#### [WORK ORDER]
For this exercise, reproduce only the lines from the one holding "California Garden Baked" through the final line of the data below, exactly, and omit pictures.

#### [AVAILABLE DATA]
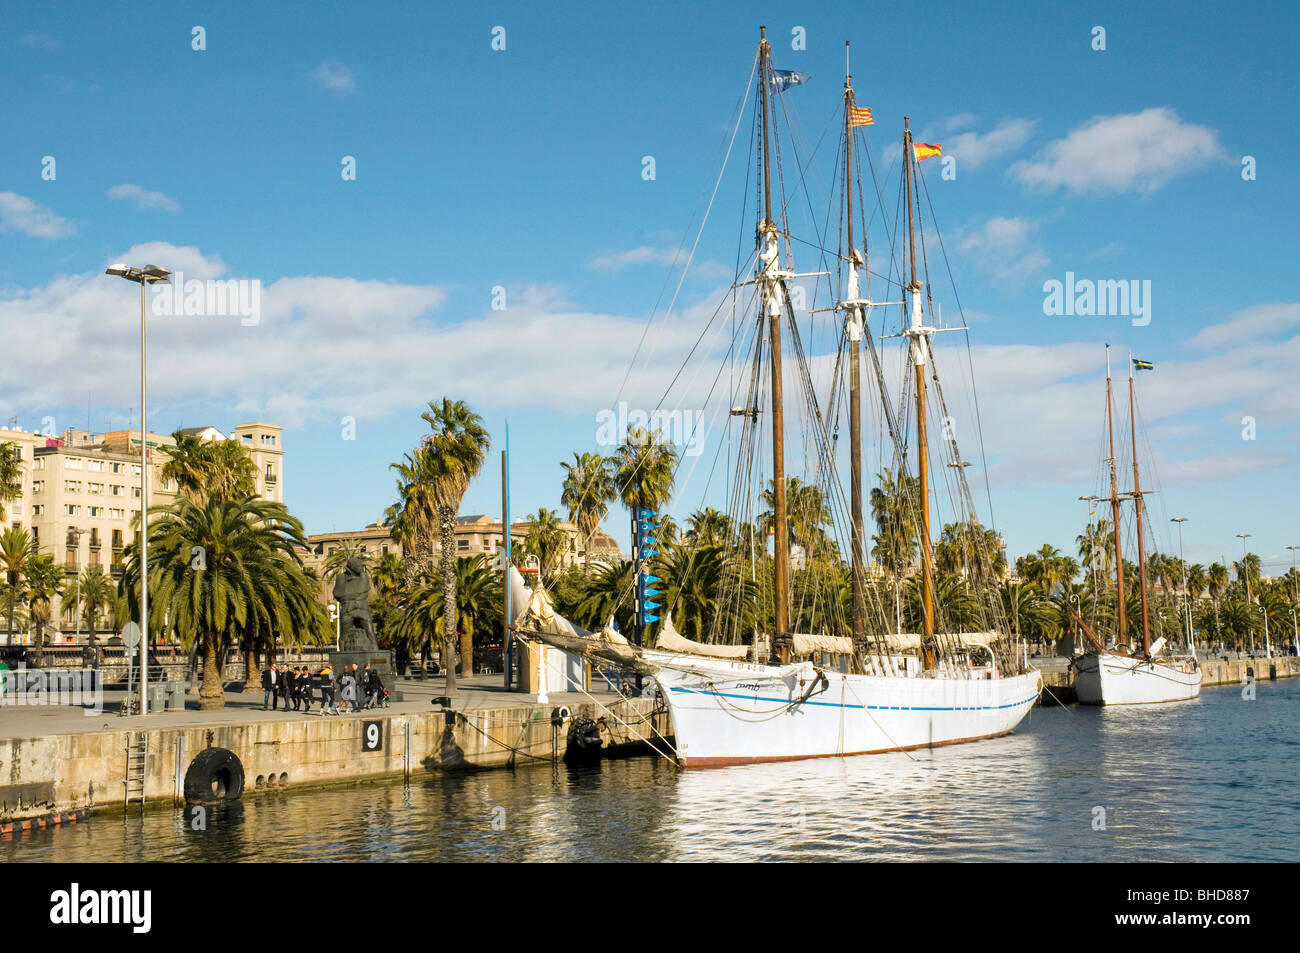 Boats in Port Vell, Barcelona, Spain Stock Photo
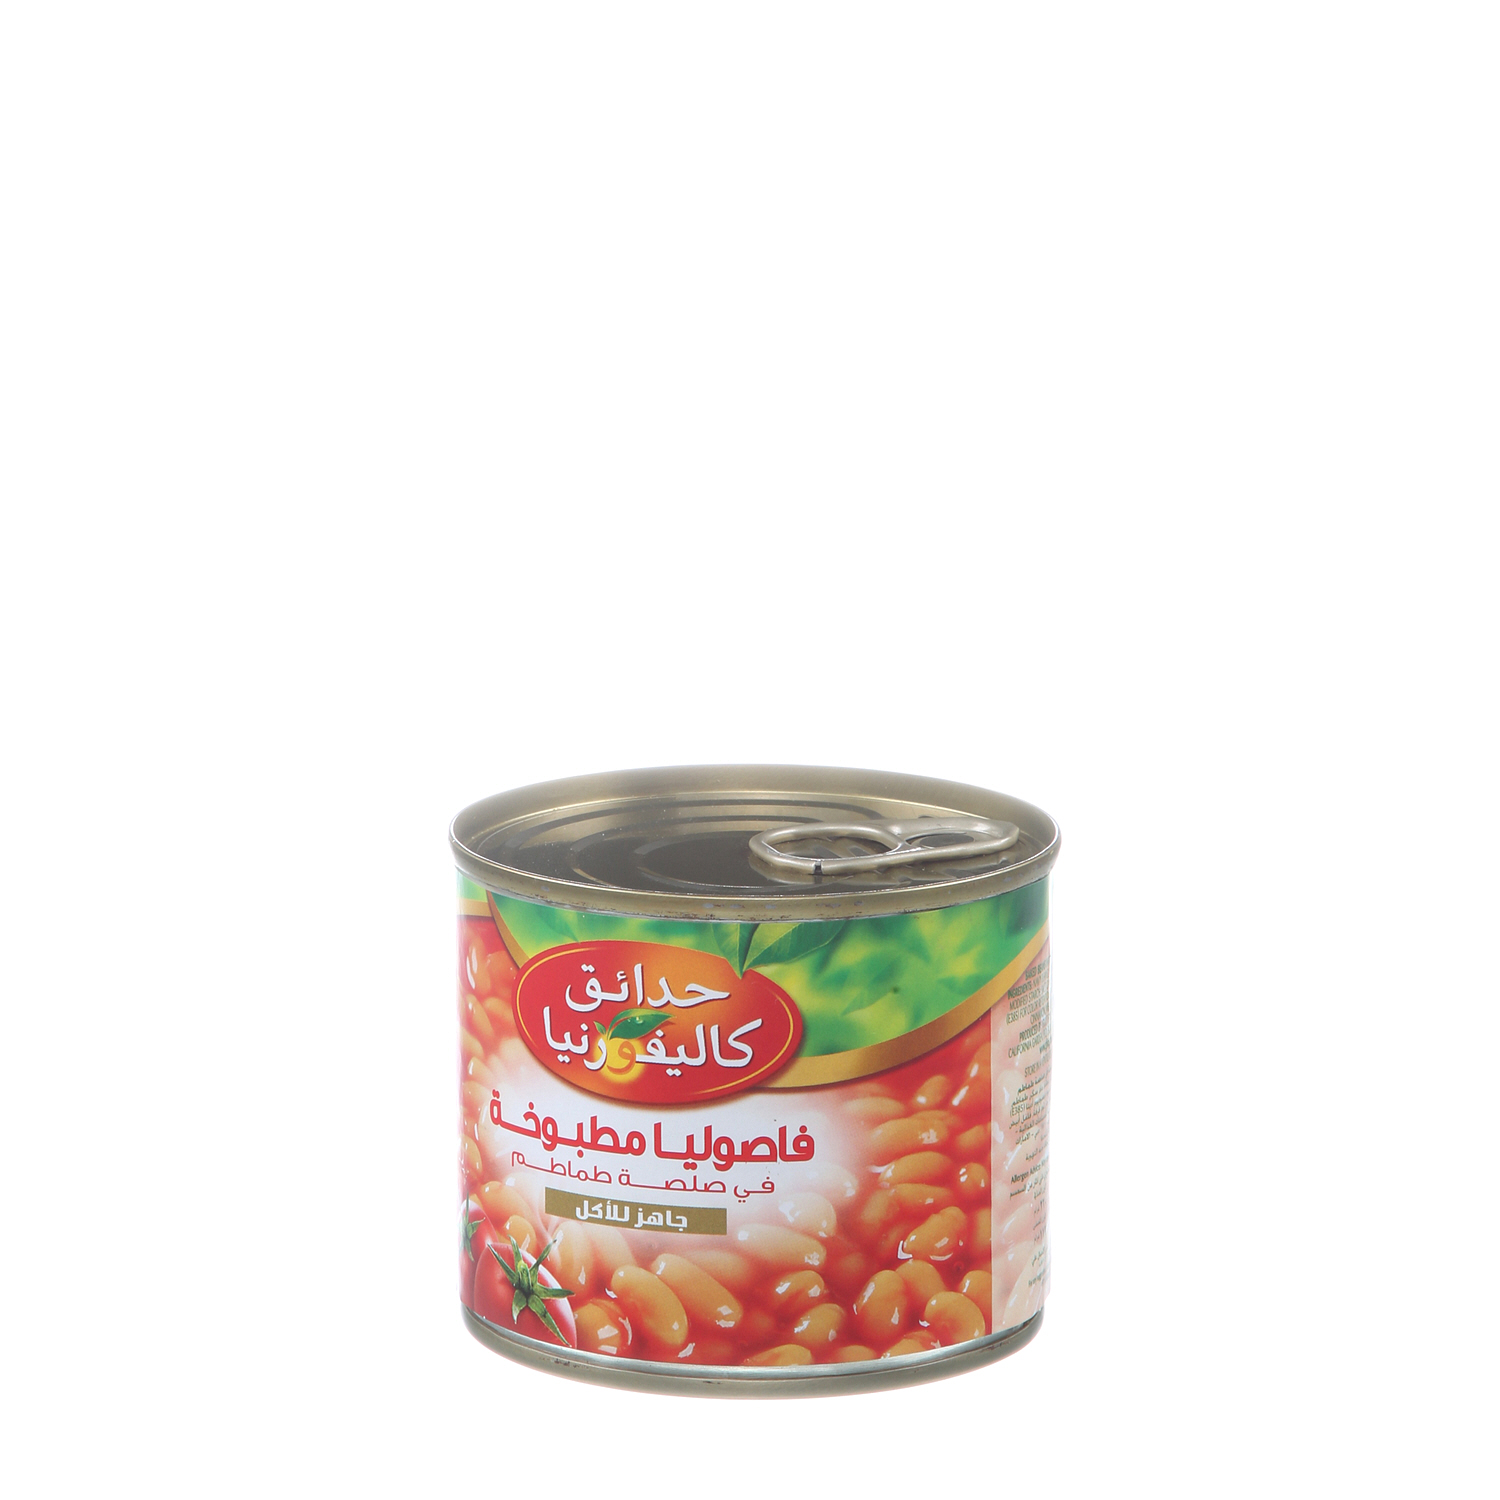 California Garden Baked Beans In Tomato Sauce 220 g
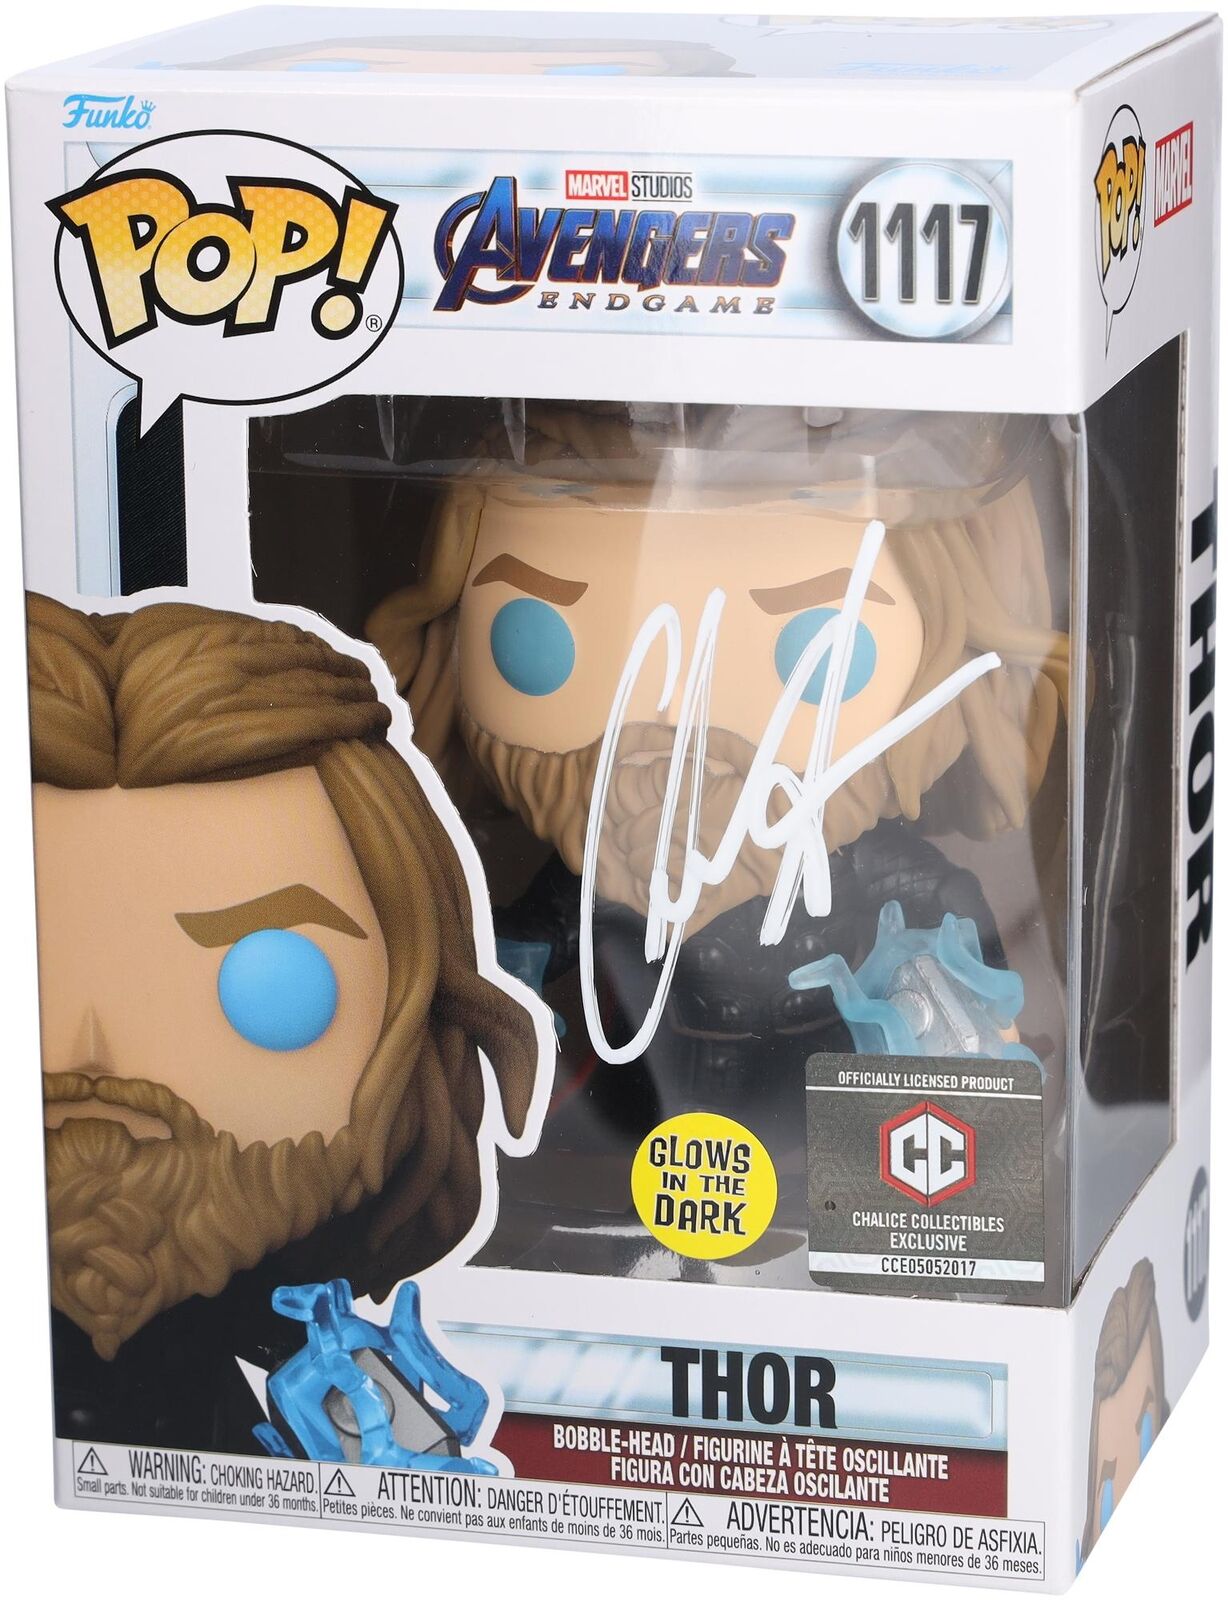 Chris Hemsworth Thor Figurine Item#13019783

#### [REPLY TO THE EXERCISE]
 California Garden Baked Beans In Tomato Sauce 220 g
 Chris Hemsworth Thor Figurine Item#13019783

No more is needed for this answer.